Hilton La Sabana, San José, Costa Rica. Image © Andres Garcia Lachner.
Hilton La Sabana, San José, Costa Rica. Image © Andres Garcia Lachner.

The Trends Shaping the Future of Hospitality

Editor’s Note: This blog is part of our Design Forecast blog series, looking at what’s next in 2022 and beyond. Here, we sit down with Tom Ito, global leader for Gensler’s Hospitality practice, to discuss what’s next for hospitality design.

What are the biggest trends that you’re seeing impacting hospitality operators in the next five years?

The leisure segment is going to foster the rebound, along with local destination travel. Hotels will accommodate our changing lifestyles as people have the ability to be in resort locations while working. We’re seeing spaces that are a lot more conducive to people who can work remotely. We’re also seeing an extension of the longer stay and branded residences as people are looking to live and work in beautiful places. That’s going to be one of the trends shaping hospitality design in the next five years.

Are travelers looking for anything different in the hotel brands they’re considering?

The zest for experience is still key. We’re integrating art and culture into our projects to make them more meaningful. It’s important that we create unique experiences for hotels that are embedded in the locality. So, a project in New York might be different than a project in Costa Rica or London because each locale has its own unique character and history.

We’re also seeing some great local ecotourism. This whole notion of glamping — being in nice places, and being outdoors, but also being very comfortable — that’s a new type of destination-driven experience that we’re seeing moving forward.

What changes or practices have hotels incorporated as a result of the pandemic? And do you think those practices will stay or change as people resume travel?

Hotels were already using technology, but they’re embracing it even more to respond to guests’ desire for more frictionless devices to navigate their journey. Among the important challenges that operators are facing are staff shortages. It’s important for a hotel to have the right proportion of staff to guests. Technology is being used to bridge that gap by offering solutions that can create a more personalized, enhanced guest experience while improving efficiency by allowing staff to better use their time to connect with guests.

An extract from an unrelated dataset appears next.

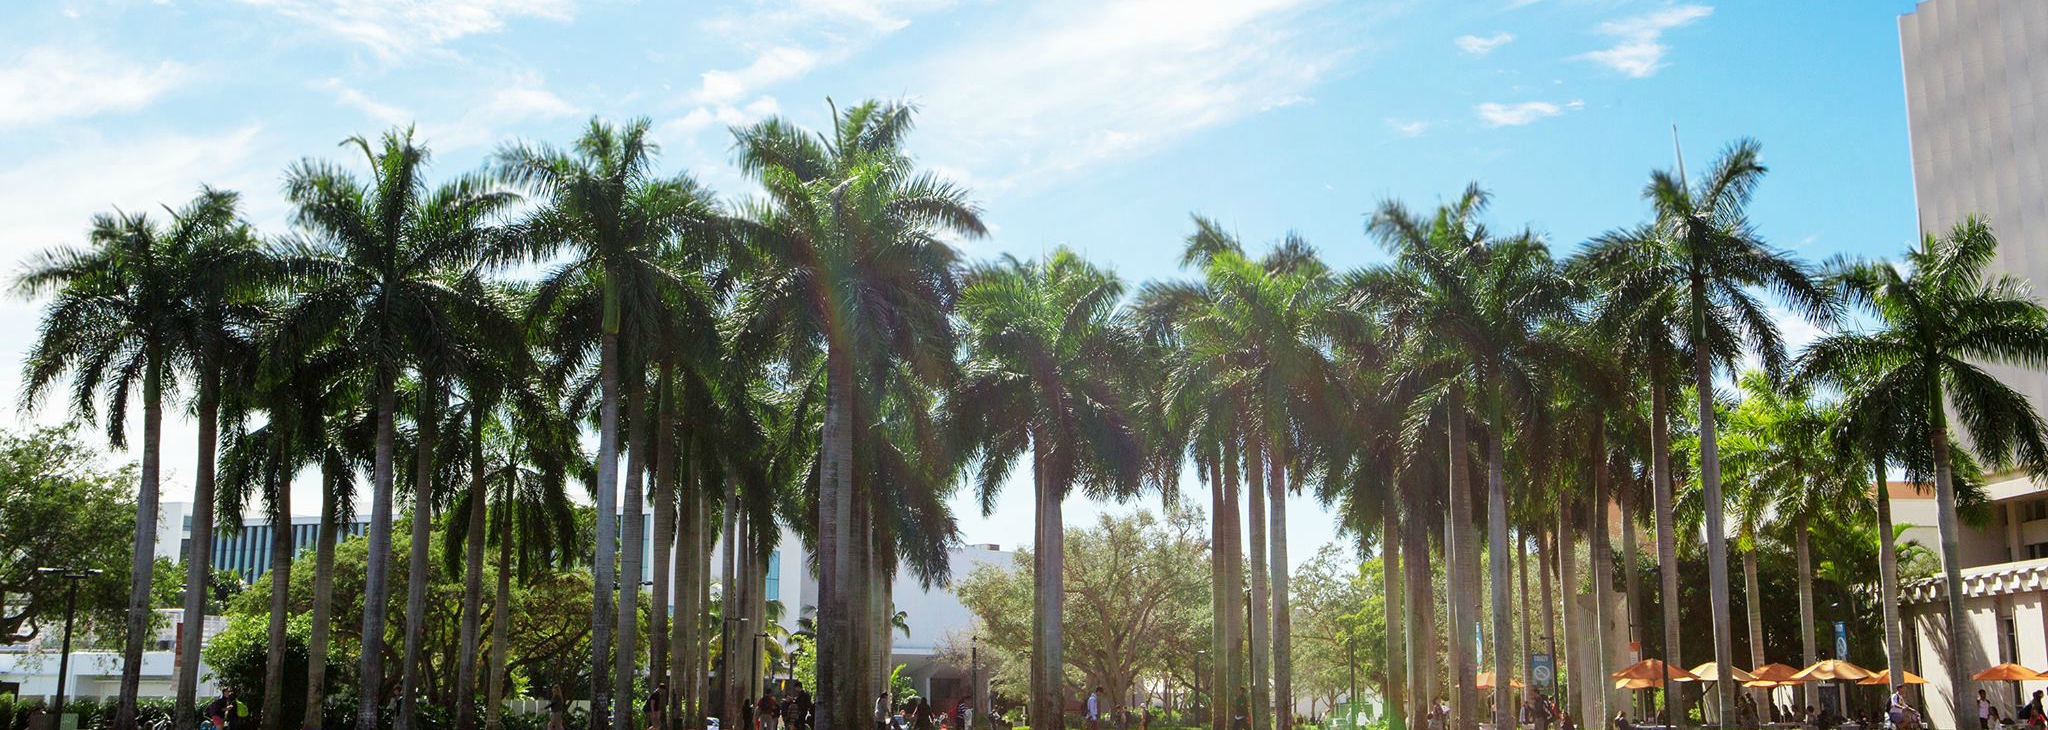 Campus palm trees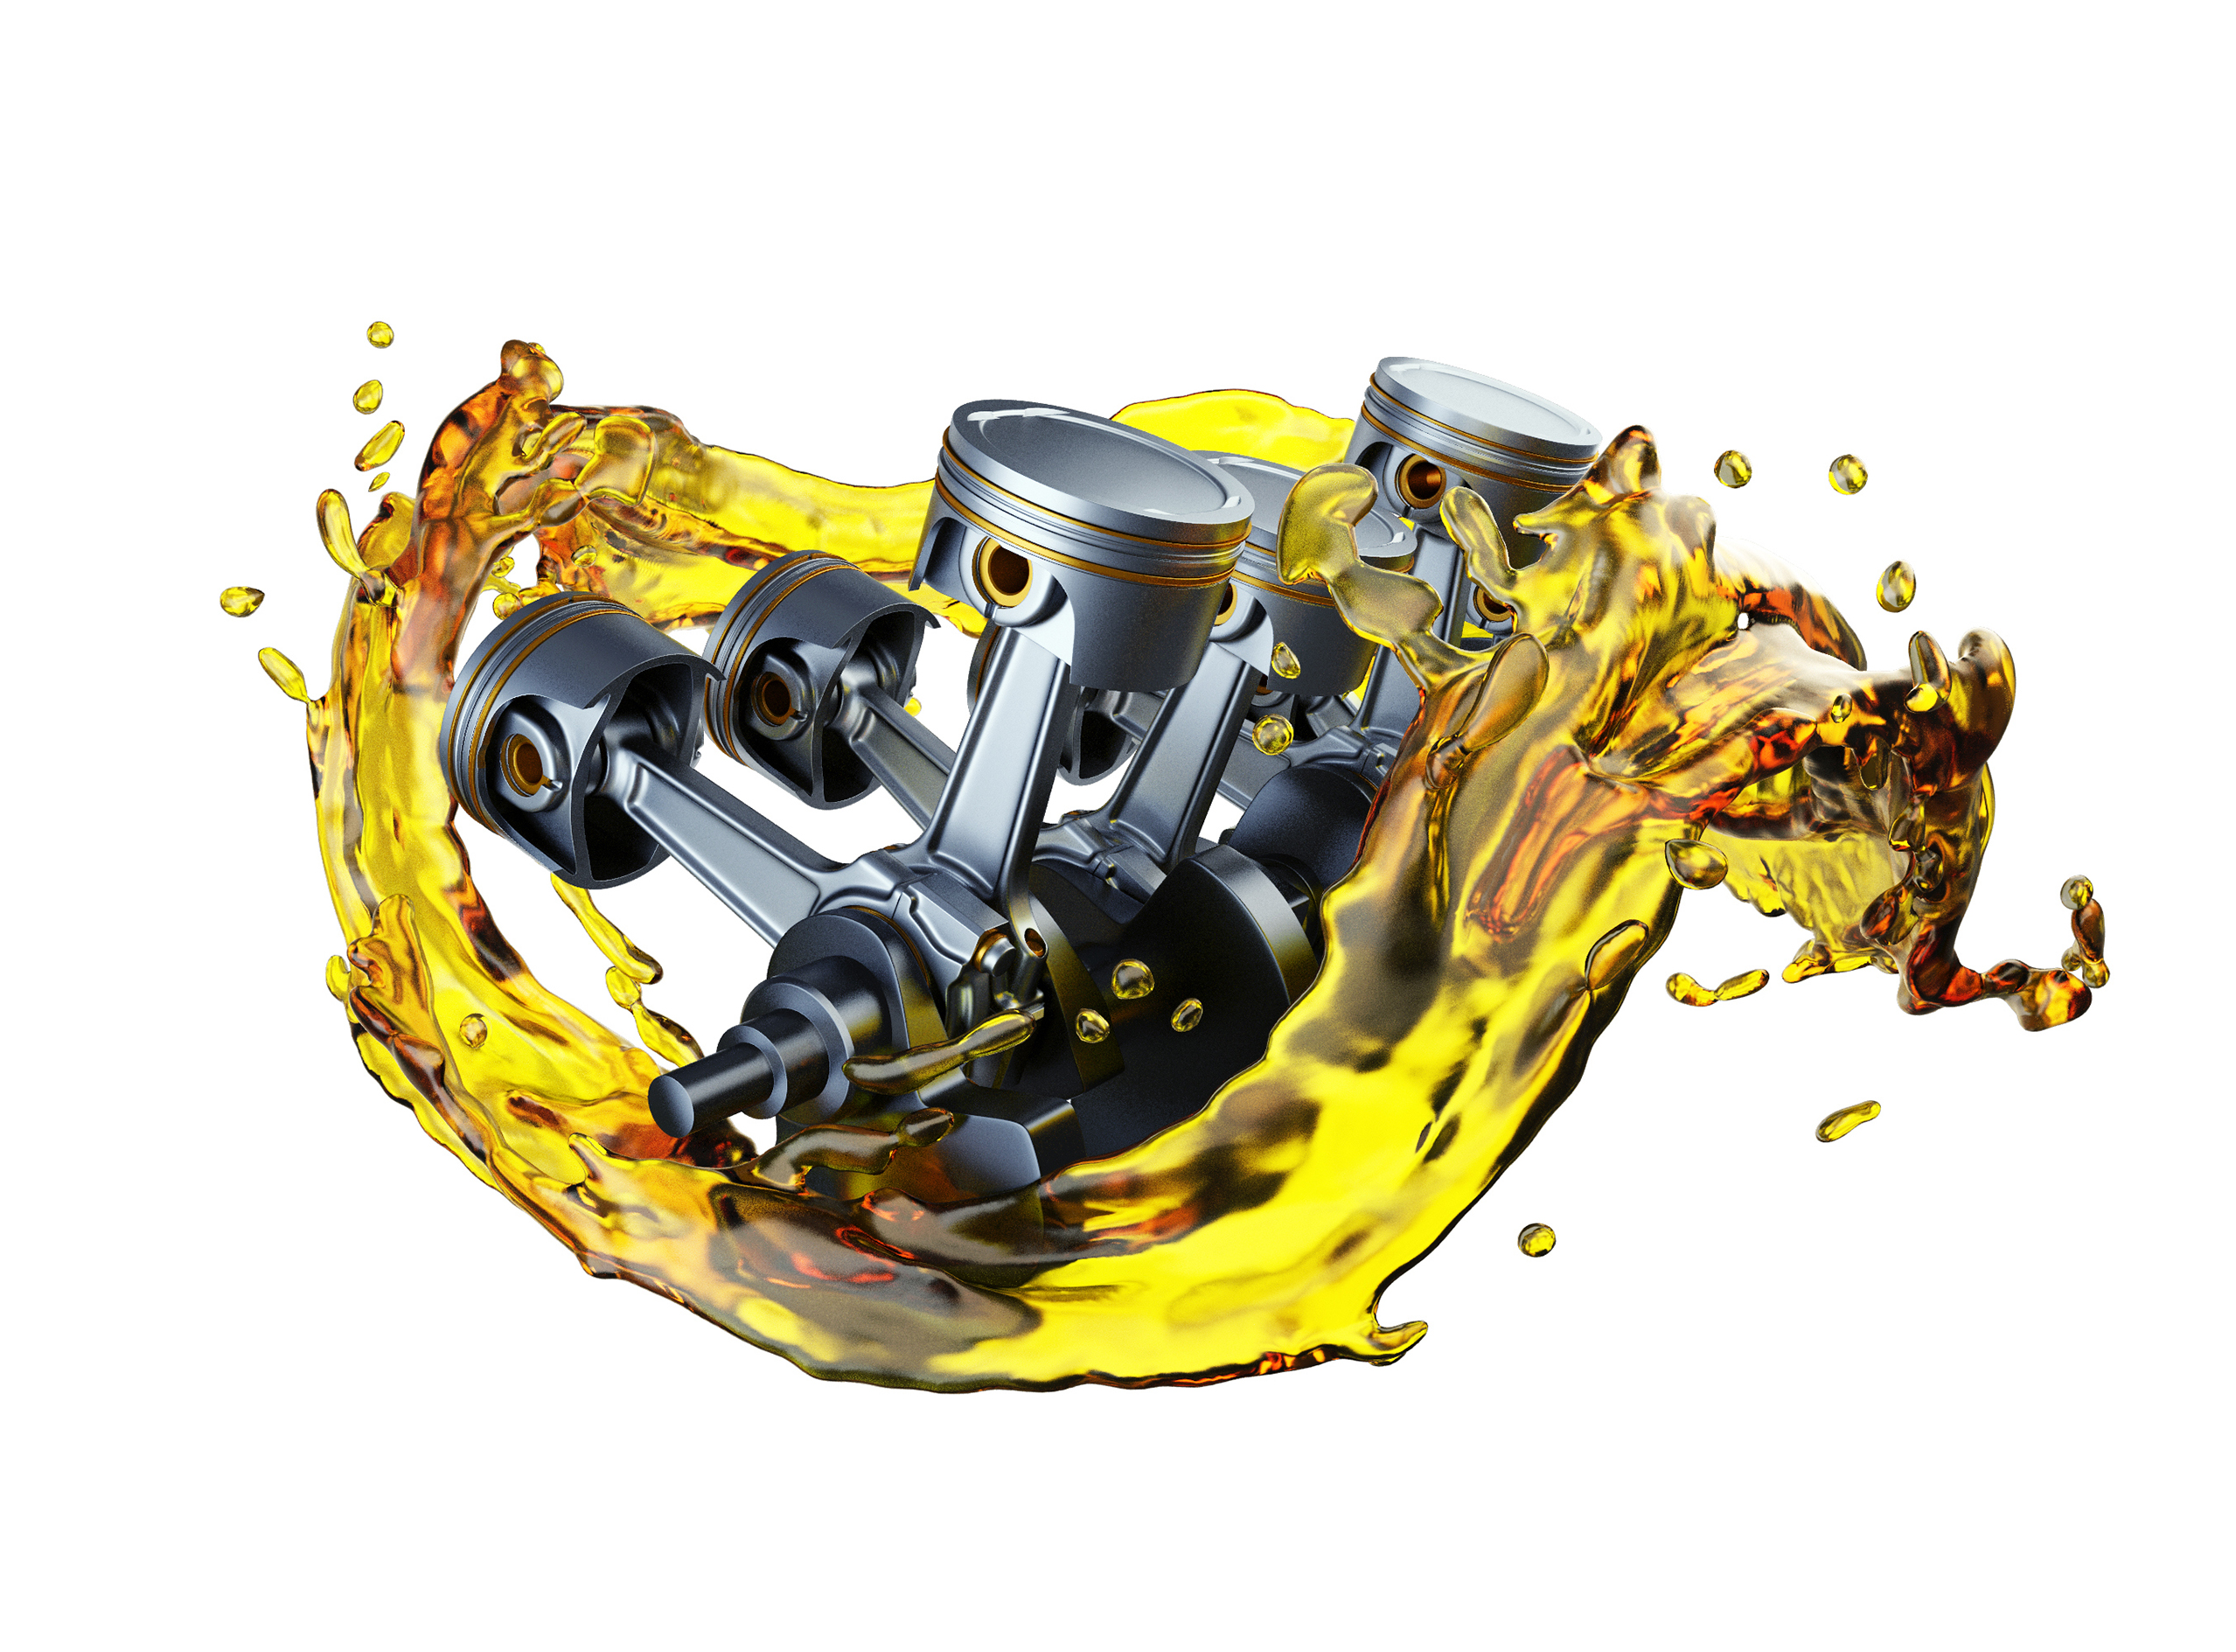 Best Engine Oil For Performance & Fuel Economy

How is Gensler working with hospitality brands to address issues around sustainability and climate change?

We’re always looking for ways to construct buildings that reduce a hotel’s carbon footprint, such as sustainable materials and construction technologies. We also like to design spaces with passive solutions, such as daylighting and access to the outdoors. We’re also looking at ways to mitigate the use of plastic and use more environmentally-friendly amenities.

Another key sustainability strategy is adaptive reuse and repositioning. That’s playing out in developments that are underutilized or not in high demand, such as office space, department stores, or retail centers being converted to hotels, residential, or mixed-use developments. Repurposing buildings helps maximize the use of a project and mitigate any other long-term effects in constructability, because you’re utilizing an existing structure and repurposing it.

What are the top amenities travelers are looking for in hotels today?

One of the biggest amenities is food & beverage. You can have great dining experience in various places in a hotel — not necessarily in a sit-down restaurant, but in a nice lounge setting, in outdoor spaces, and even in your room. The whole notion of guest room dining has changed.

Health and wellness amenities are also huge. Not only eating healthy but feeling healthy and fit in areas that provide you with healthy activities. We’re also seeing integration of technology or products that guests can use to exercise in their room.

We also believe that meeting, convention, and business spaces, which may be a little slower to return, will eventually come to play. We’re designing spaces, both in hotel rooms, as well as meeting places, that are hybrid in nature. So, we’ll see a combination of the physical and virtual together for conferences and meeting spaces.

The other thing we’re going to see is the elevated role of hotels in the community. We often think of hotels now as a third place where people will go to work, and that’s spurring new types of guest demands. Hotels are not only servicing guests who are transient, but also those who are going to do an overnight stay or have a great meal, meet with people, or socialize. It raises another revenue stream for our clients because they can rely on that local travel, on that community, to engender a lot more business.

Are hotels repurposing meetings and convention spaces?

Even pre-pandemic, we’ve seen the importance of spaces that are flexible, adaptable, and transformable from day to night. Now, spaces such as meeting rooms are being reused for other purposes — whether for specialized training sessions, food & beverage outlets, or community meetings. We’re going to see a lot more spaces that can convert and be more flexible moving forward.

Post-pandemic, where do you see the greatest opportunity for hotel operators?

I believe the greatest opportunity for operators is embracing technology even further. It’s not only about efficiency, but it’s driving better social and guest interactions. The idea of connected experiences — the convergence of the physical and digital together along with the total guest journey — is where we’re headed.

A great example is the new Atari Hotels project in Las Vegas. We’re using the building’s façade to play a game on. Guests can create their own personal avatar as they enter the building. It’s a way of moving the Atari brand forward to create a new experience. That’s the ultimate way of integrating technology and digital to interact with guests.